Oct 12, 2007
For the 20th anniversary of the very first Mega Man game on NES (ah, those were good times - yes, we're old enough to remember that going after Cut Man first was a wise choice), Capcom has broken out the zillionth iteration in twenty years, this time on DS. Don't worry - if you've been turned off by the ridiculously difficult Mega Man X games, Mega Man ZX Advent offers a beginner mode, as long as your ego can take it. Of course, if you're a hard-core Mega Man fan, even the "normal" difficulty should prove satisfying.
In this adventure, you can choose to play as Grey, a young man who (yawn) can't remember who he is, or as Ashe, a girl who knows who she is, but faces the same mysterious forces. The story is appropriately convoluted for its anime roots, which is sometimes carried out in boring, too-long in-game dialogue, and sometimes in very cool anime-style cinematics. The important thing to know is that you'll come across stuff called Biometal which fuses with your body and turns you into a Mega Man, thus allowing you to steal powers (and forms) of the bosses you defeat.
Anyone who's played a Mega Man game is familiar with the boss-powers-stealing schematic, but the way ZX Advent incorporates this model is refreshing. First off, even before you absorb your first boss power, you gain the ability to switch between your "human" form and your Mega Man form. The human form doesn't offer too many advantages, and will seem worthless at first, but it's cool when later on you find obstacles that only a human can overcome, because it's the only way you can crouch and swim.

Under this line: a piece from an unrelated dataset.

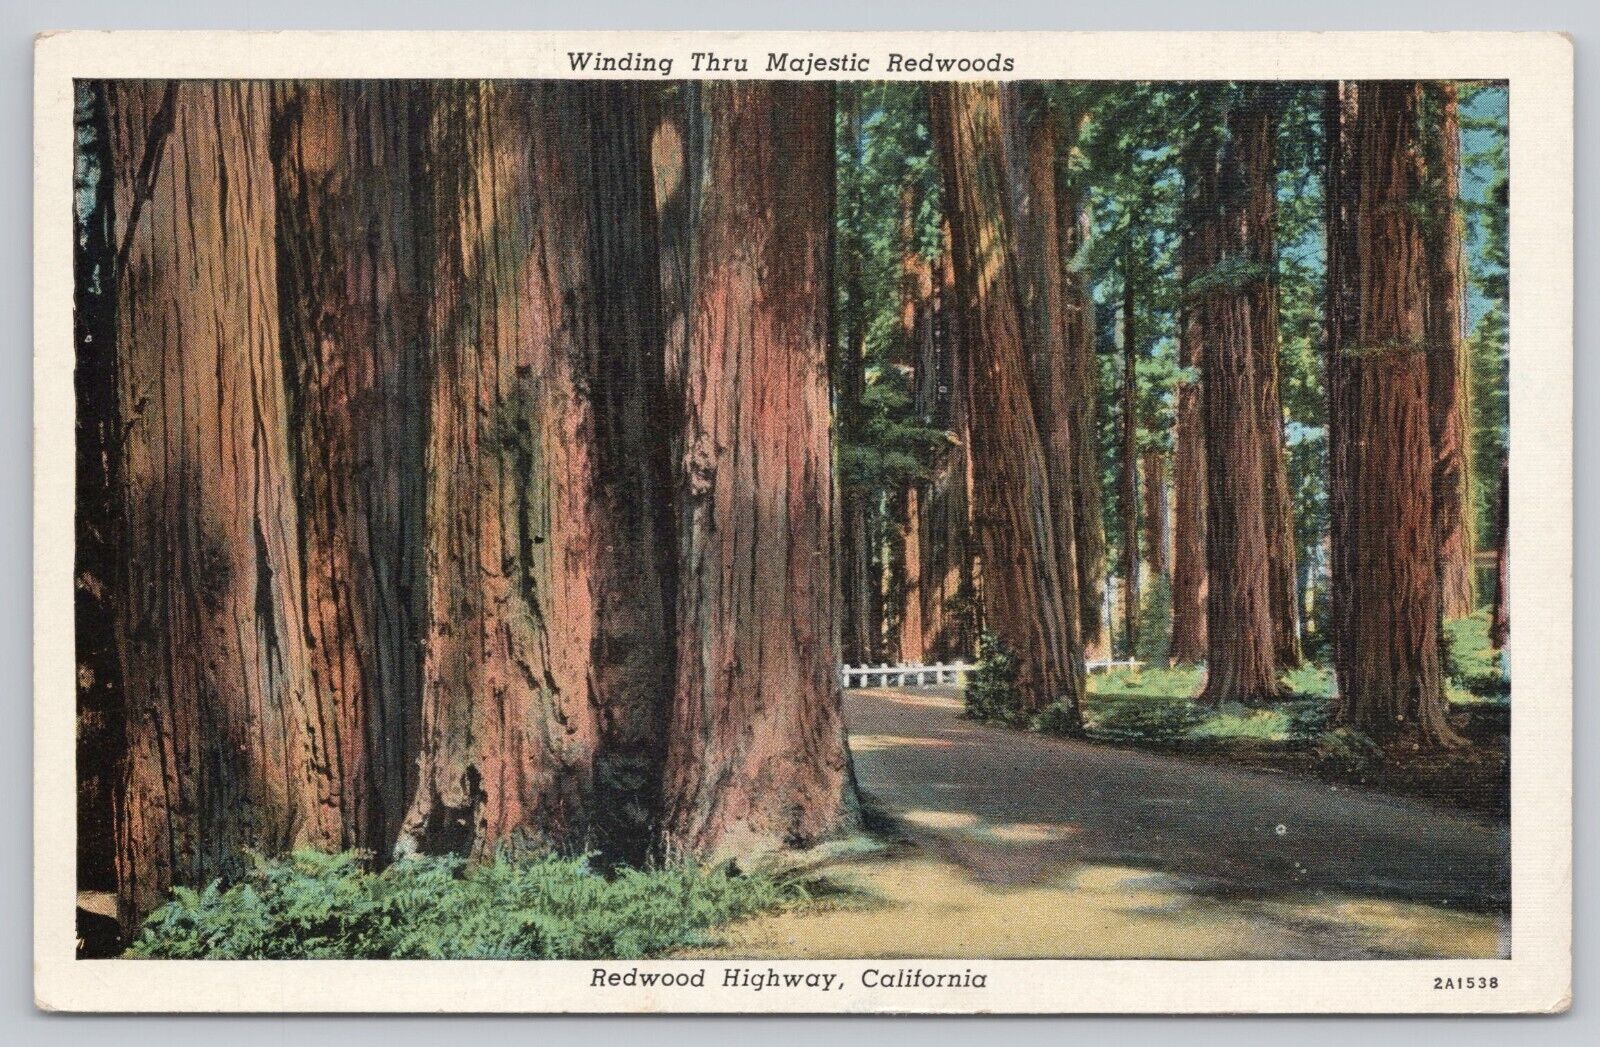 Redwood Highway California, Winding thru Majestic Redwoods, Vintage Postcard

When you do start gaining boss forms, the game opens up a lot and really requires you to think. You'll need your Mega Man wall-jump to scale a cliff, but then transform into a submarine that is armored on the top and shoots icicles in order to traverse a narrow underwater passage full of falling spikes. Each form is required to surmount certain obstacles, yet they each also have glaring weaknesses you have to consider. The forms are so different that often you feel like you're playing a completely different game at the tap of a button. Each form is accessed by hitting an icon on the touch screen, so you can switch forms fairly rapidly.
Of course, each form also has primary and secondary weaponry, multiple levels of charge-up attacks, and different levels of mobility. Like previous installments, you'll have to experiment to find out which form is the most powerful against a particular boss, although it may help to switch forms mid-battle.
The world is large and non-linear. You'll find yourself using warp points to move around, and thankfully there are plenty so backtracking is mostly reduced to a minor chore. One quibble is that the map is a bit confusing - areas are delineated by numbers, but it doesn't accurately represent the world in a visual manner. There are tons of secret areas to be discovered, many of which can only be uncovered once you acquire new boss forms. The game's size isn't expanded too much by the selectable characters - there are differences, but you'll only want to play both if one playthrough wasn't enough for you.
The complete package looks and feels polished - the simple 2D graphics are colorful and manage to cram tiny details into the DS screen, while the controls are as tight as you would expect from a Mega Man game. After all these years, its amazing the formula hasn't strayed too far from the original. This feels undeniably like Mega Man, yet the depth continues to improve. Whether you own every Mega Man title released or if you want to reminisce about the good ol' days of 2D platforming, ZX Advent will fulfill your boss-power absorption needs.